__WHAT THIS TASK INVOLVES__
Without the pictures, repeat all of the data exactly as it appears below.

__GIVEN DATA__
[Start of Attachment]
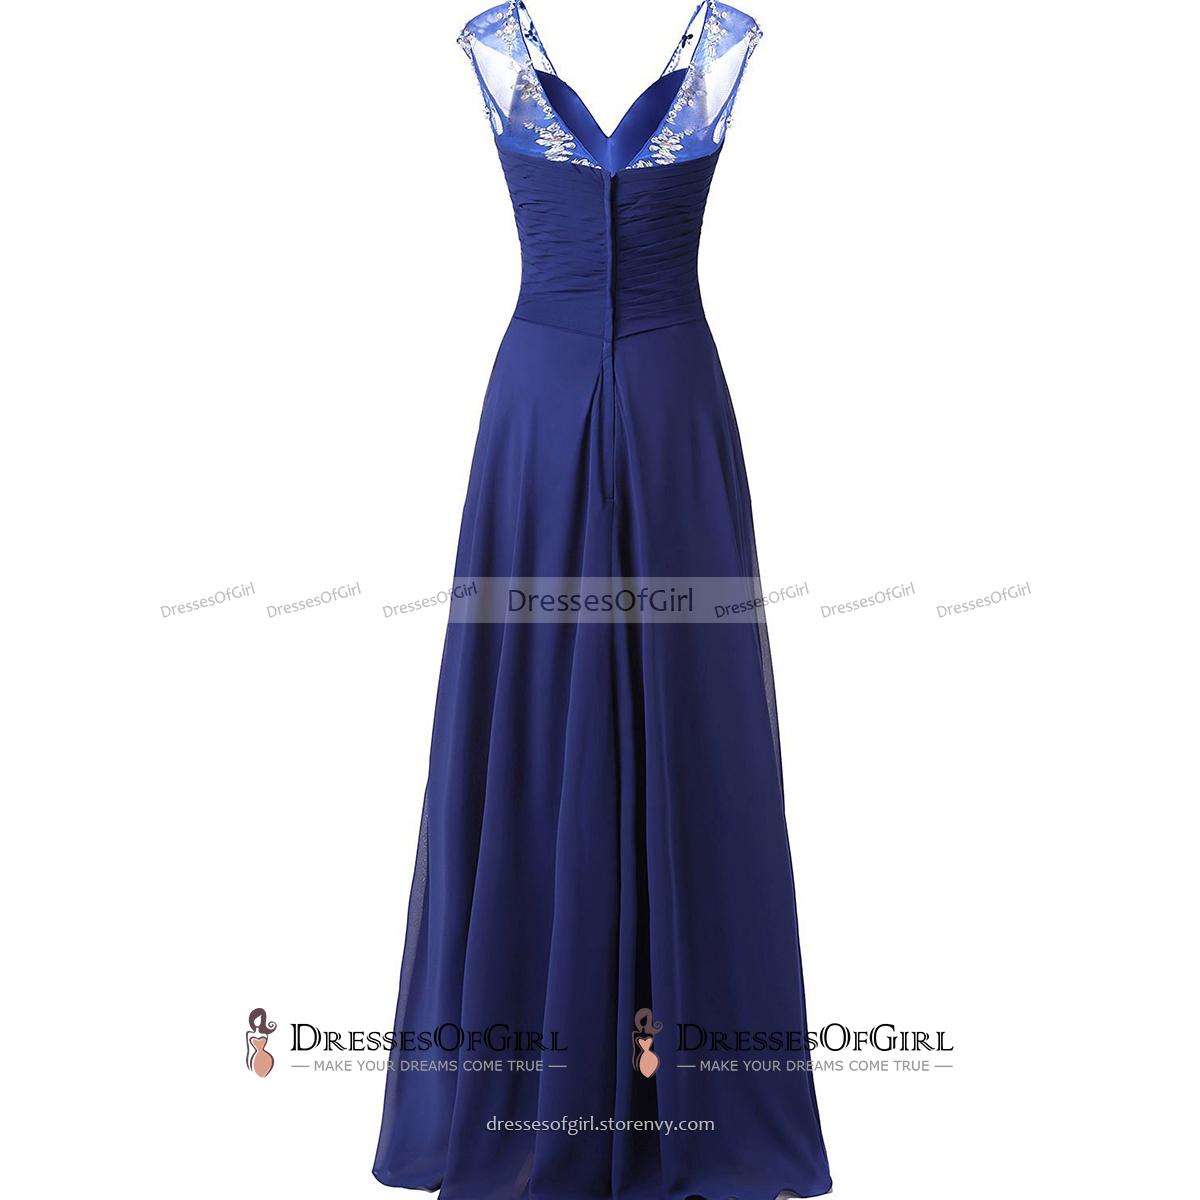 87d0f1338 Asymmetric A-line Long Prom Dress
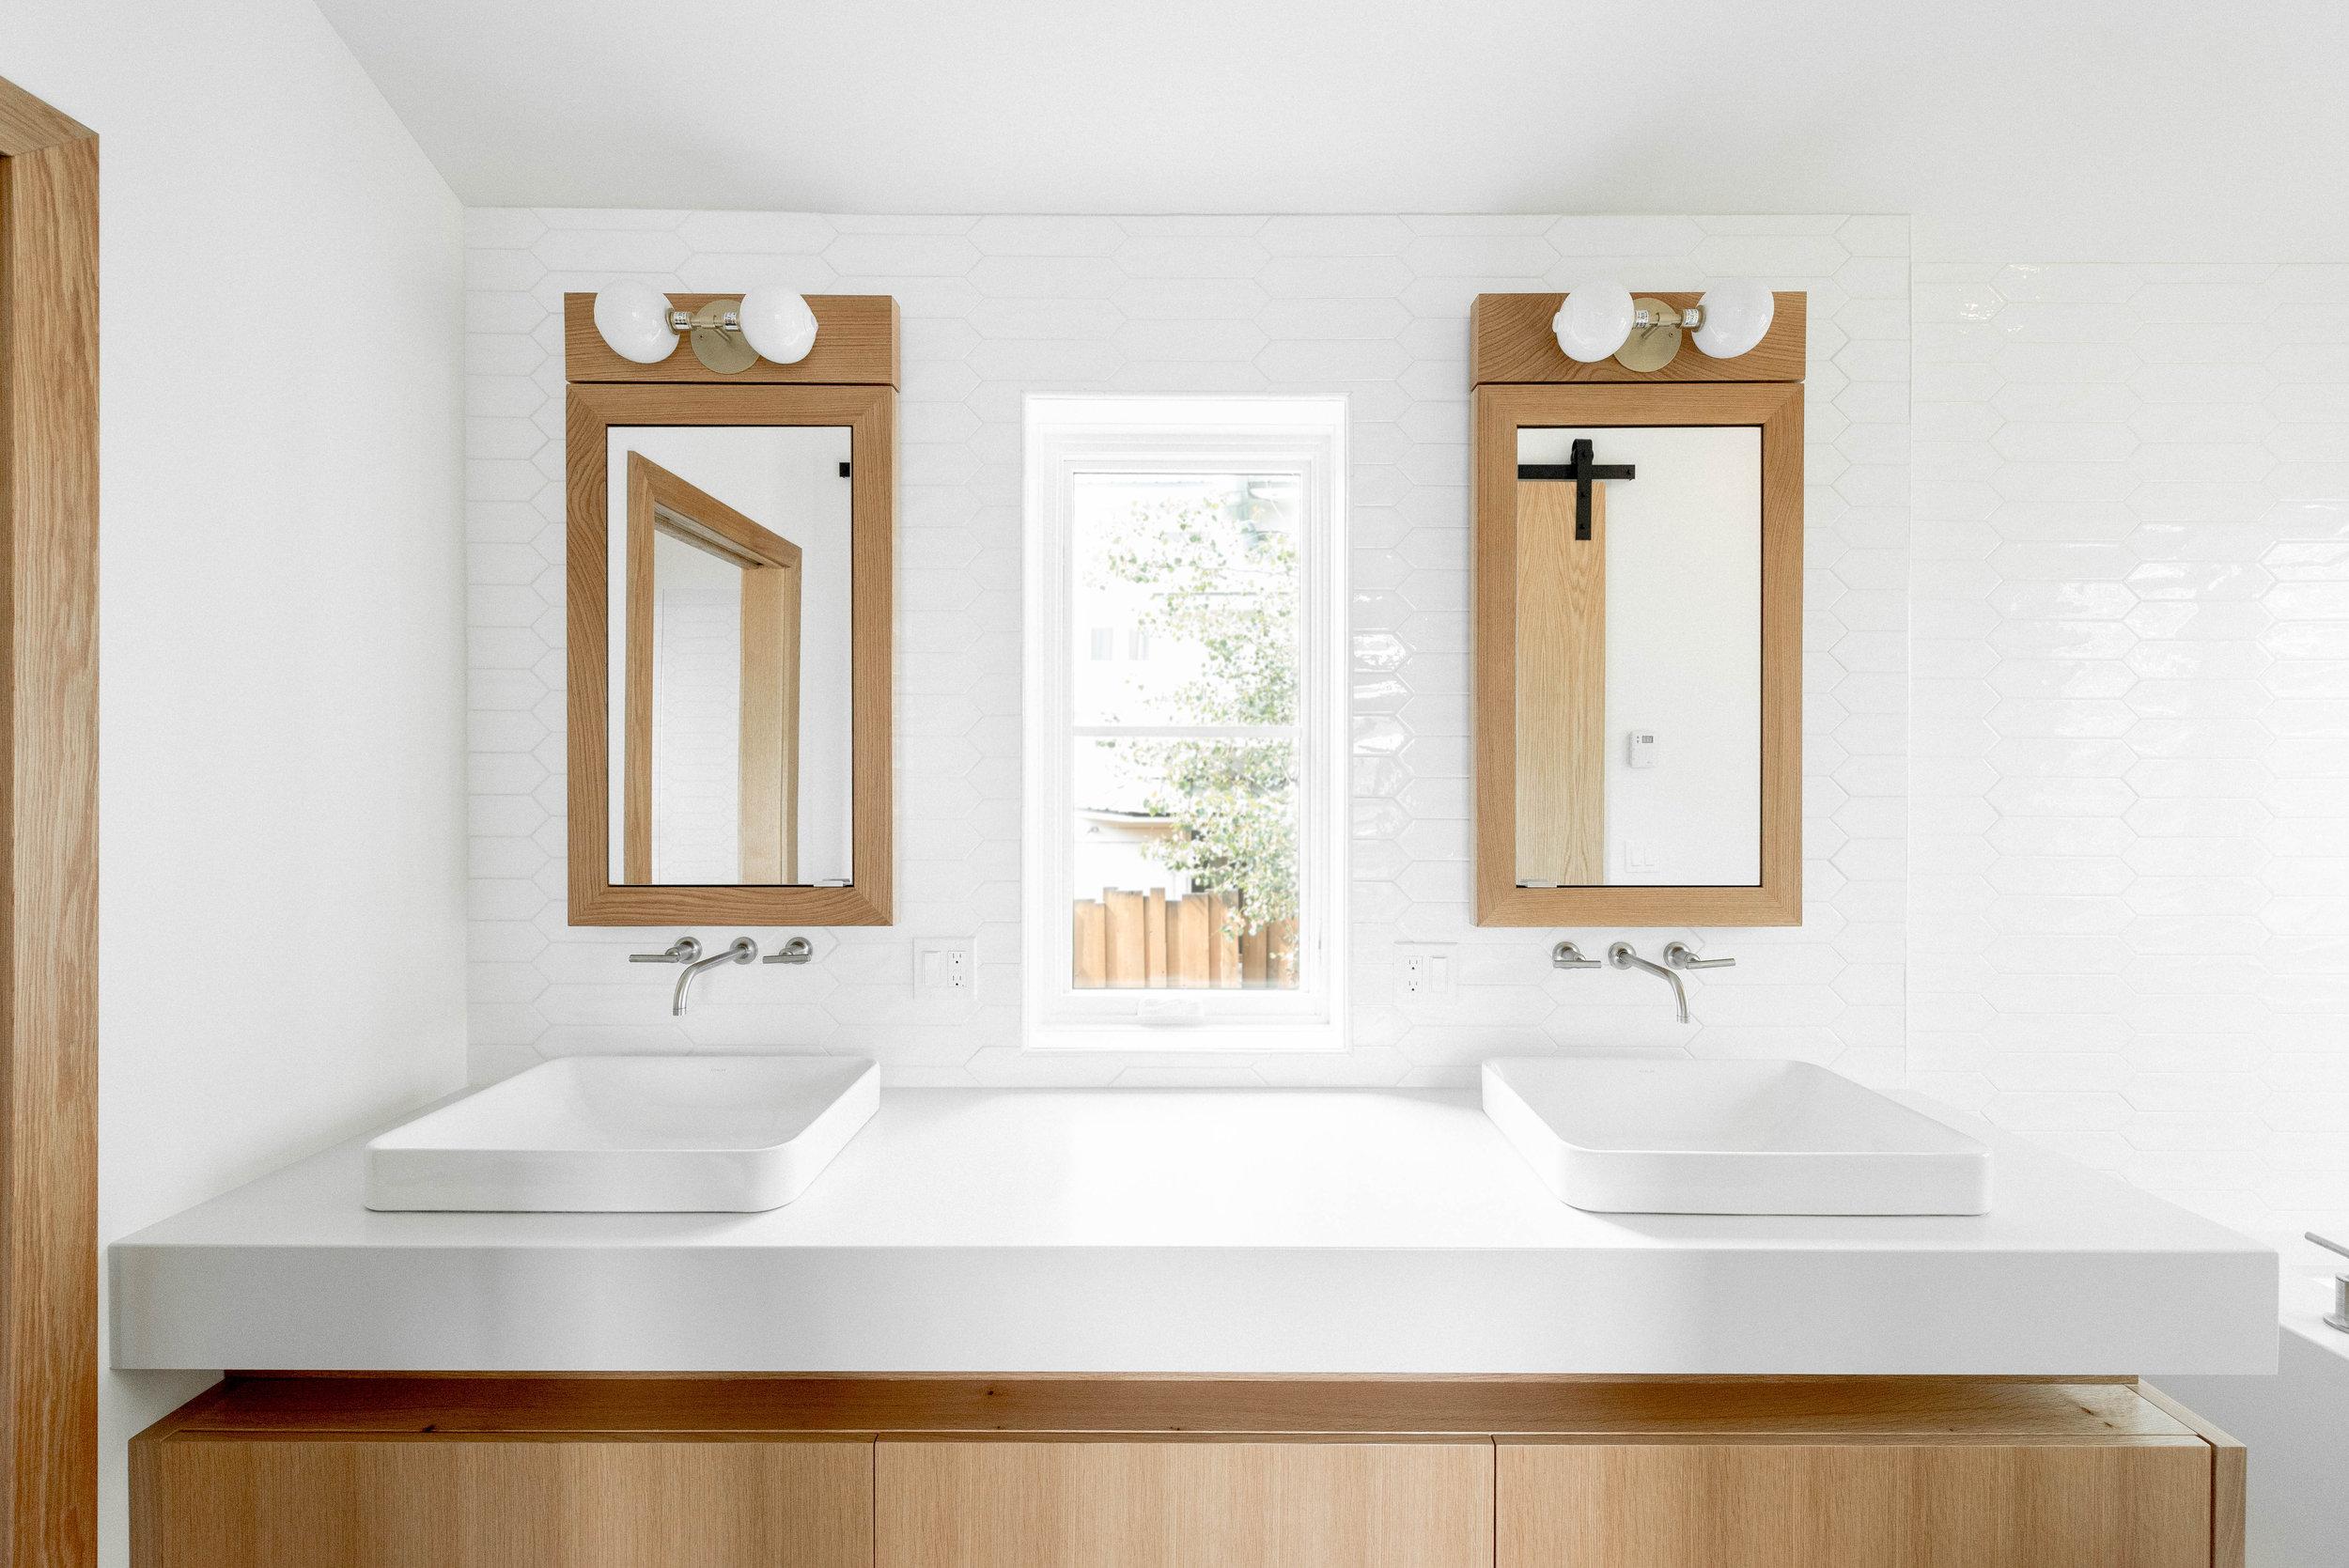 Woodside - A Scandinavian Inspired Interior
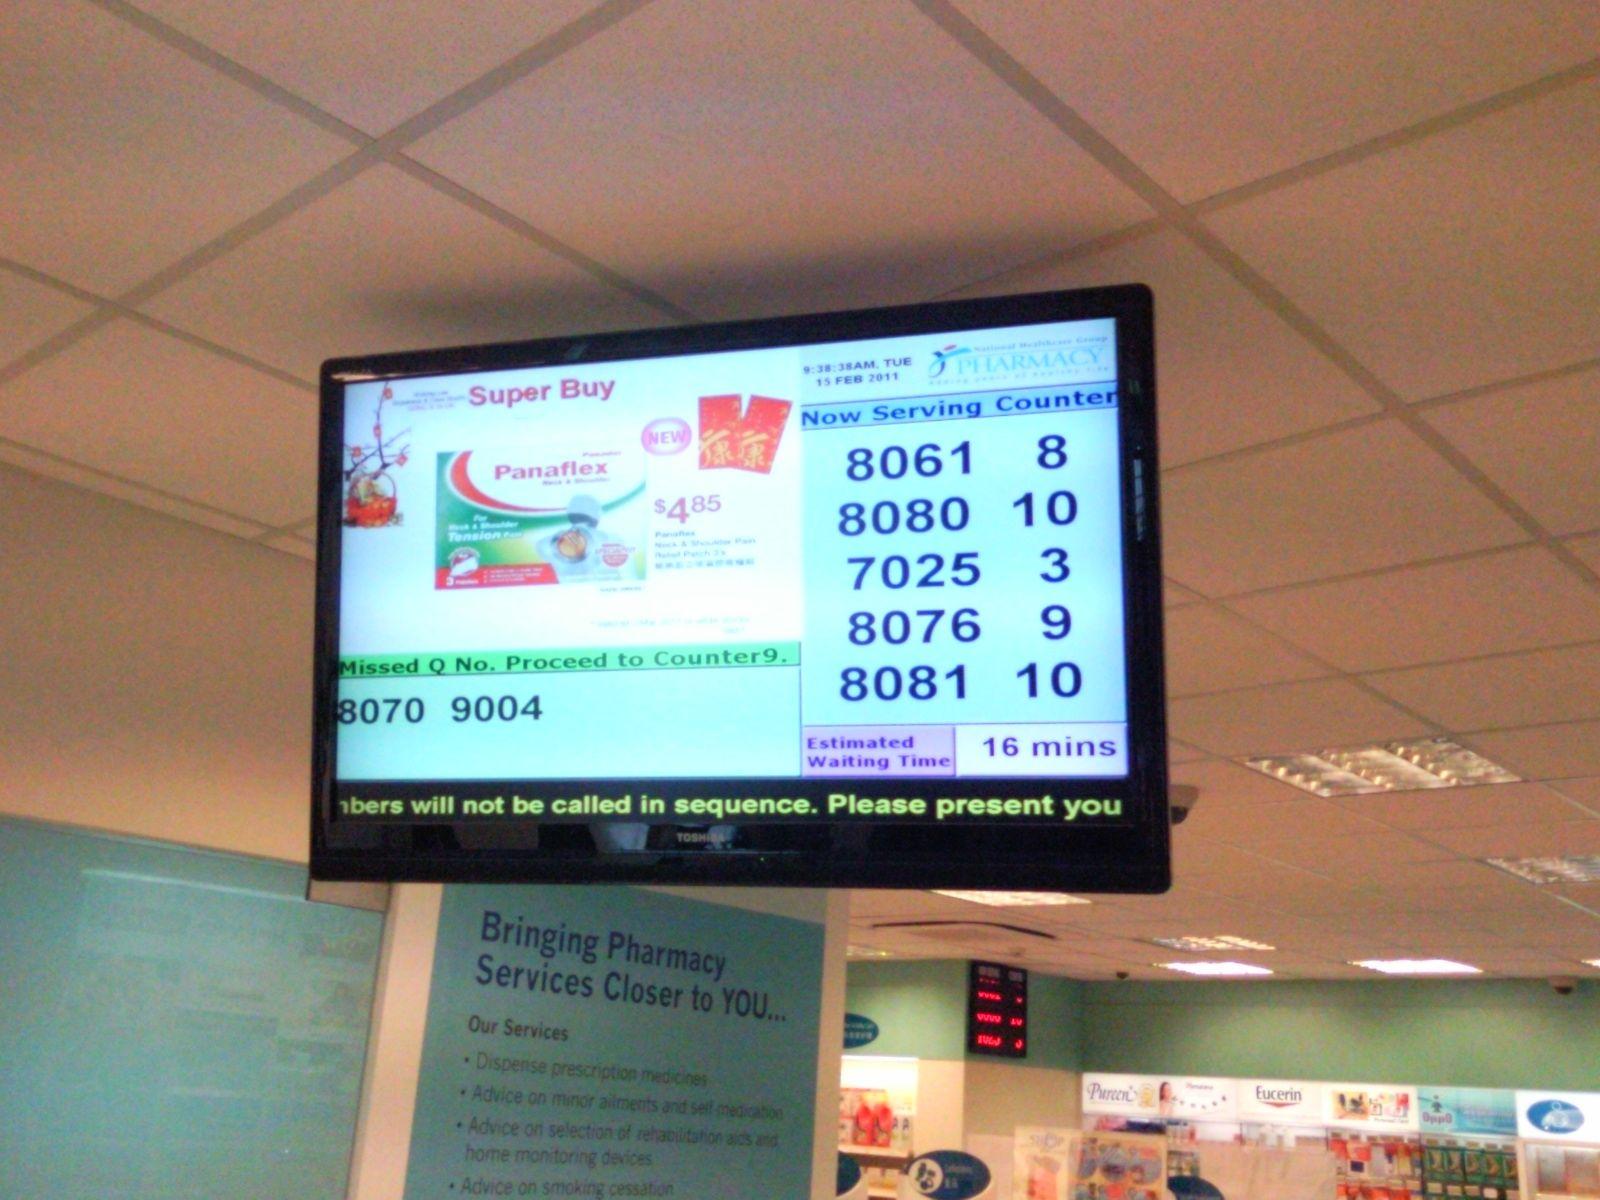 Hospital queue management systems help doctors and nursing
[End of Attachment]
__WRITTEN ANSWER__
 87d0f1338 Asymmetric A-line Long Prom Dress
 Woodside - A Scandinavian Inspired Interior
 Hospital queue management systems help doctors and nursing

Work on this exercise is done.